The task of the music office was to collect songs for sacred and courtly purposes, while the songs and ballads of the common people were also collected. First the anonymous yuefu were collected, but between 190 and 266 well-known poets appeared who gave the yuefu an individual note.

The Yuefu only became independent as texts towards the end of the Han period.

The melodies of the Yuefu can no longer be reconstructed today and only texts have been preserved. The collected song poems contain chants for sacrificial ceremonies and ancestral temples as well as chants for imperial banquets.

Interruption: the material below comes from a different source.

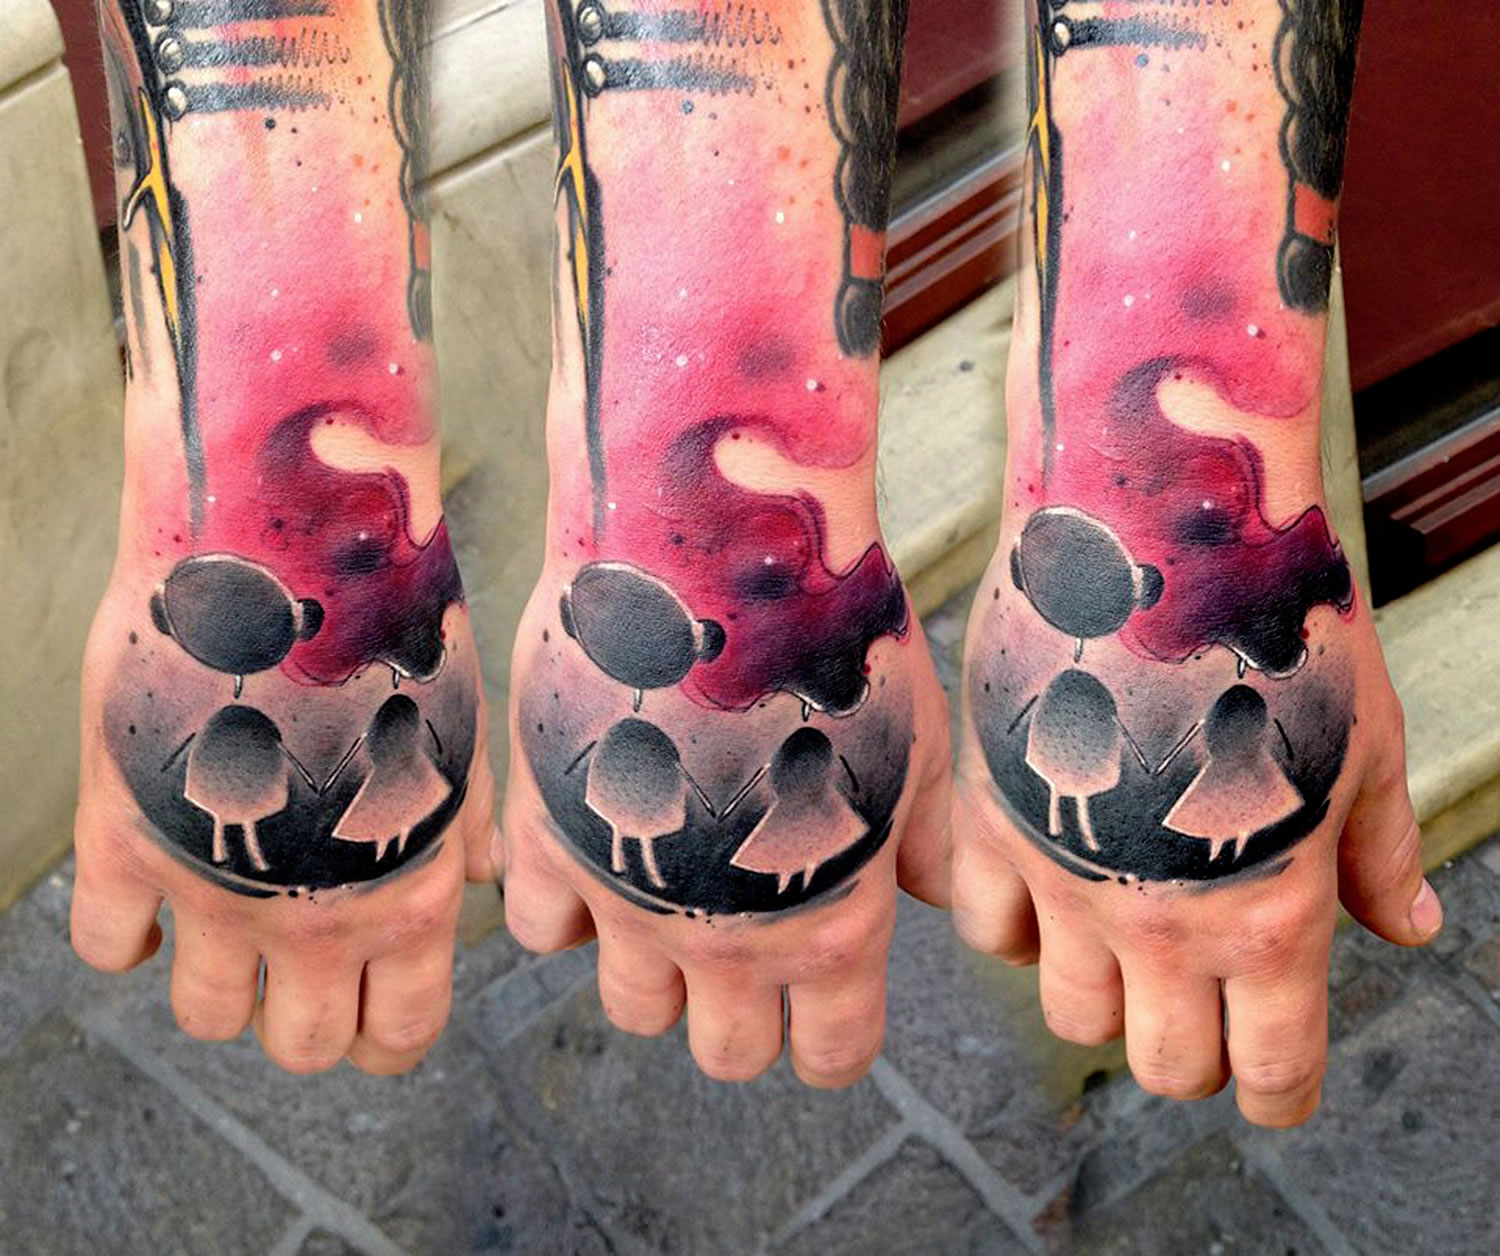 pink and black tattoo on hand and arm by Lukasz Bam Kaczmarek

The music office was finally established in 6 BC. u. Currently closed by Emperor Han Aidi .

style

Western sinologists differentiate in Yuefu between sacred hymns and secular songs that speak about the needs and worries of the time.

The poems handed down as yuefu contain diverse and from a Confucian point of view unorthodox local traditions and testify to the more open atmosphere of the early Chinese Middle Ages compared to later times. In contrast to the Han-Fu , the theme of many Yuefu is no longer the glorification of the emperor's power, but the worries and needs of the individual. Religious Daoism also exerted an influence, as the Yuefu often ask the question of human mortality and eternity.

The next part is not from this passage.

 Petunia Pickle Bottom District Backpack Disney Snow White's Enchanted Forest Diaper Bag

The metric of the Yuefu is different from the Han-Fu. They consist of three to seven characters per verse, and many yuefu have ballad characteristics . The ballads are a mixture of epic, lyrical and dramatic elements and use many formulaic expressions. The most famous ballad in the West is the Mulan Shi (木蘭詩). Then, during the Eastern Han period, yuefu were written in verse of five characters.

Cultural meaning

The Yuefu were of great importance for the development of later poetry in China, as the form, thematic and the topics of the Shi poems are based on them. The yuefu permeated the culture of the educated classes and the yuefu of the poets, in which they expressed their own thoughts, moods and feelings, were later distinguished from the anonymous yuefu of the music office.

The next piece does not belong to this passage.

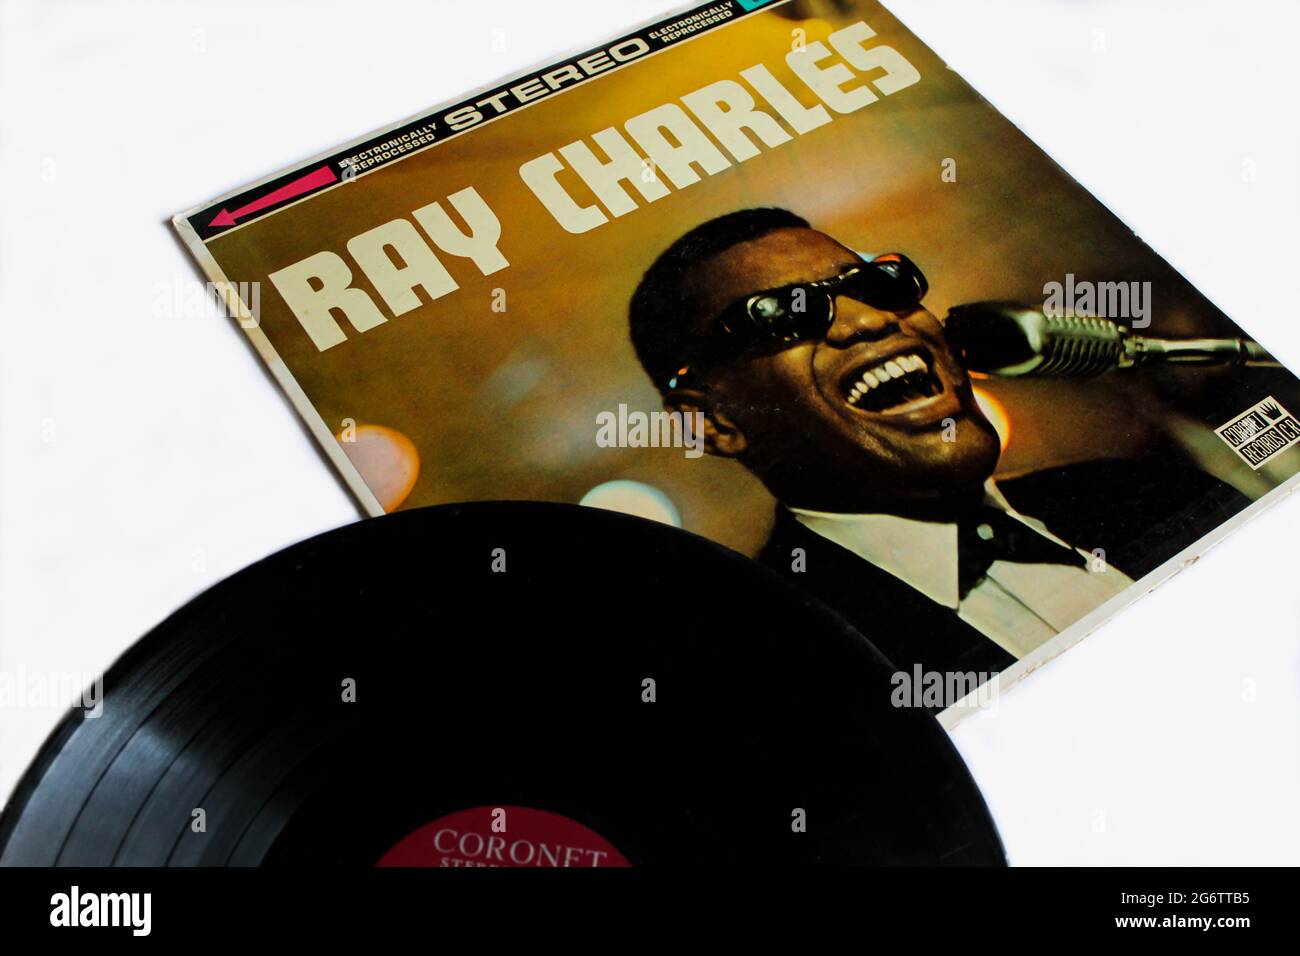 Funk and soul, blues and jazz artist, Ray Charles music album on vinyl record LP disc. Self titled, album cover Stock Photo

The largest collection of Yuefu is the Yuefu Shiji ("Collection of Music Office Songs") compiled in the 12th century by Guo Maoqian.

literature

  • Martin Gimm : "The Yueh-fu tsa-lu of Tuan An-chieh". Harrassowitz, Wiesbaden 1966.
  • Wolfgang Kubin : History of Chinese Literature, Vol. 1: The Chinese Poetry. From the beginning to the end of the imperial era . KG Saur, Munich 2002, ISBN 3-598-24541-6 .
  • Helwig Schmidt-Glintzer : History of Chinese literature. The 3000 year development of the poetic, narrative and philosophical-religious literature of China from the beginning to the present . Scherz Verlag, Bern 1990, ISBN 3-502-16482-7 .

Individual evidence

  1. Debon, Günther: Chinese poetry. History poetry theory. Brill Verlag, Leiden 1989, p. 384.